[1]:

%run ../initscript.py
HTML("""
<div id="popup" style="padding-bottom:5px; display:none;">
    <div>Enter Password:</div>
    <input id="password" type="password"/>
    <button onclick="done()" style="border-radius: 12px;">Submit</button>
</div>
<button onclick="unlock()" style="border-radius: 12px;">Unclock</button>
<a href="#" onclick="code_toggle(this); return false;">show code</a>
""")

[1]:

show code

[2]:

%run loadmlfuncs.py

df_book_part1 = pd.read_csv(dataurl+'book_train.csv', header=0, index_col='customer')
df_book_part2 = pd.read_csv(dataurl+'book_validation.csv', header=0, index_col='customer')

toggle()

[2]:

show code

Logistic Regression¶

Logistic regression is a popular method for classifying individuals (although we call it regression), given the values of a set of explanatory variables. It estimates the probability that an individual is in a particular category. We will demonstrate the method by considering a book club case.

Book Club¶

In a book club, a new title, “The Art History of Florence”, is ready for release. The book club has sent promotion mails to a sample of customers from its customer base in two different times. Each time it randomly select 1000 customers.

[3]:

df_book_part1.head()

[3]:

	month	art_book	purchased
customer
1	24	0	0
2	16	0	0
3	15	0	0
4	22	0	0
5	15	0	1

[4]:

df_book_part2.head()

[4]:

	month	art_book	purchased
customer
1001	30	0	0
1002	12	0	0
1003	18	0	0
1004	27	1	0
1005	4	1	0

Book club has collected several variables for all 2000 customers as follows:

month: months to the customer’s last purchase when promotion mail is sent
art_book: number of art books the customer purchased before
purchased: if s/he paid for the new title “The Art History of Florence”

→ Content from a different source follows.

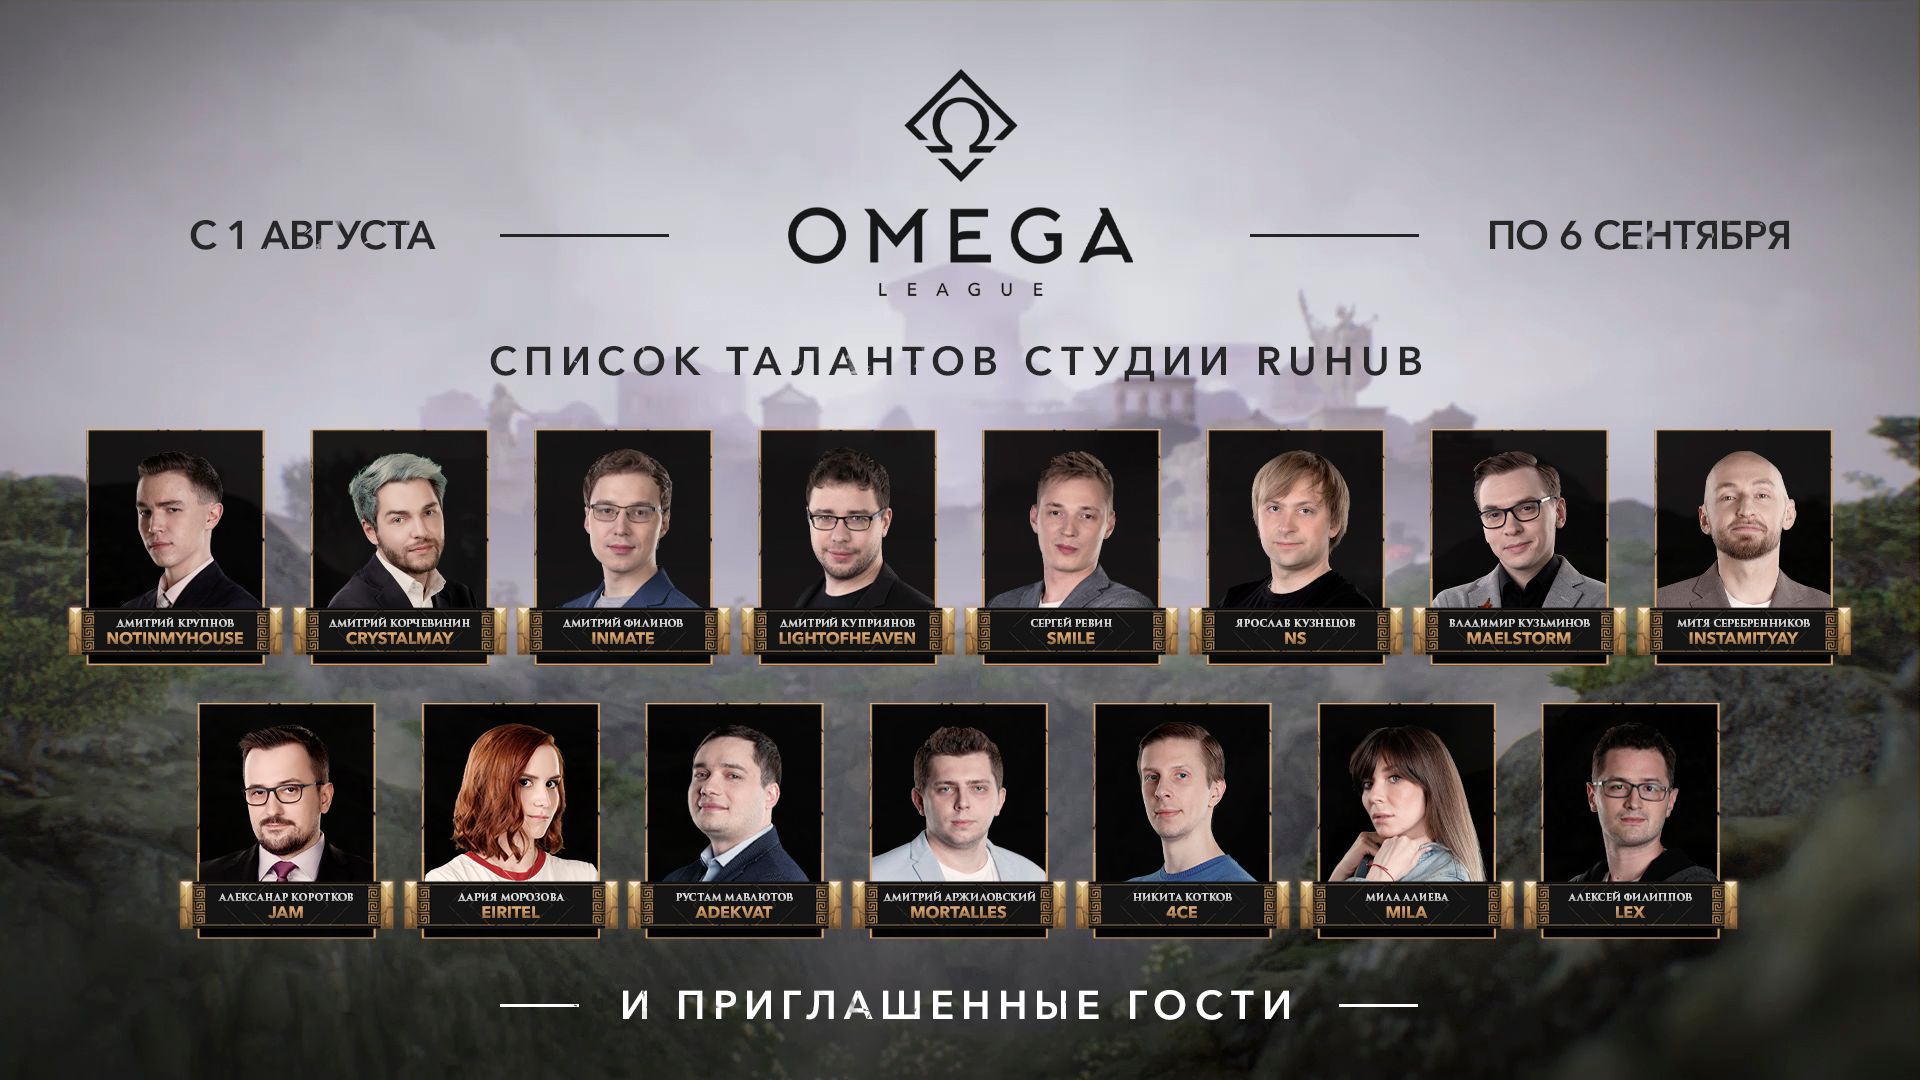 Русскоязычная студия освещения OMEGA League.
Источник: Epic Esports Events

It costs the book club $1 for sending a mail and generates $7 profit for selling the book. After two promotions, an analyst in the book club realizes that the store actually lost money in both promotions.

[5]:

def calc_profit(df):
    mail_cost = 1
    selling_profit = 7
    profit = df.purchased.sum() * 7 - df.month.count()*mail_cost
    return profit

print('net profit for the 1st promotion:', calc_profit(df_book_part1))
print('net profit for the 2nd promotion:', calc_profit(df_book_part2))

net profit for the 1st promotion: -418
net profit for the 2nd promotion: -433

The manager believes that the book club should build a predictive model to predict each customer’s probability of purchasing, and then send out promotion mail only if such a probability is high enough.

can we derive a prediction model after collecting the data from the first promotion?
can this prediction model improve the second promotion?

We expect this prediction model

uses month and art_book to predict purchased

which suggests a regression equation purchased $\sim$ month $+$ art_book. However, the $y$ variable purchased is either 0 or 1, and a scatter plot between purchased and month ($y$ vs $x$) shows as follows

[6]:

df_book_part1.plot.scatter(x='month', y='purchased')
plt.show()

../../_images/docs_machine_learning_logistic_regression_9_0.png

The graph is against many linear regression assumptions:

there is no linear relationship between independent and dependent variables.
error term is probably not normally distributed.

The Model¶

Instead of using the binary variable (purchased or not), we may consider purchasing probability $p$ as dependent variable in a regression equation such as

\begin{align} p &= \beta_0 + \beta_1 \times \text{month} + \beta_2 \times \text{art_book} \end{align}

Although $p$ is continuous, we still cannot run a linear regression on $p$ because it is bounded in range $[0,1]$. In linear regression, the dependent variable should be able to take any value in range $[-\infty, +\infty]$.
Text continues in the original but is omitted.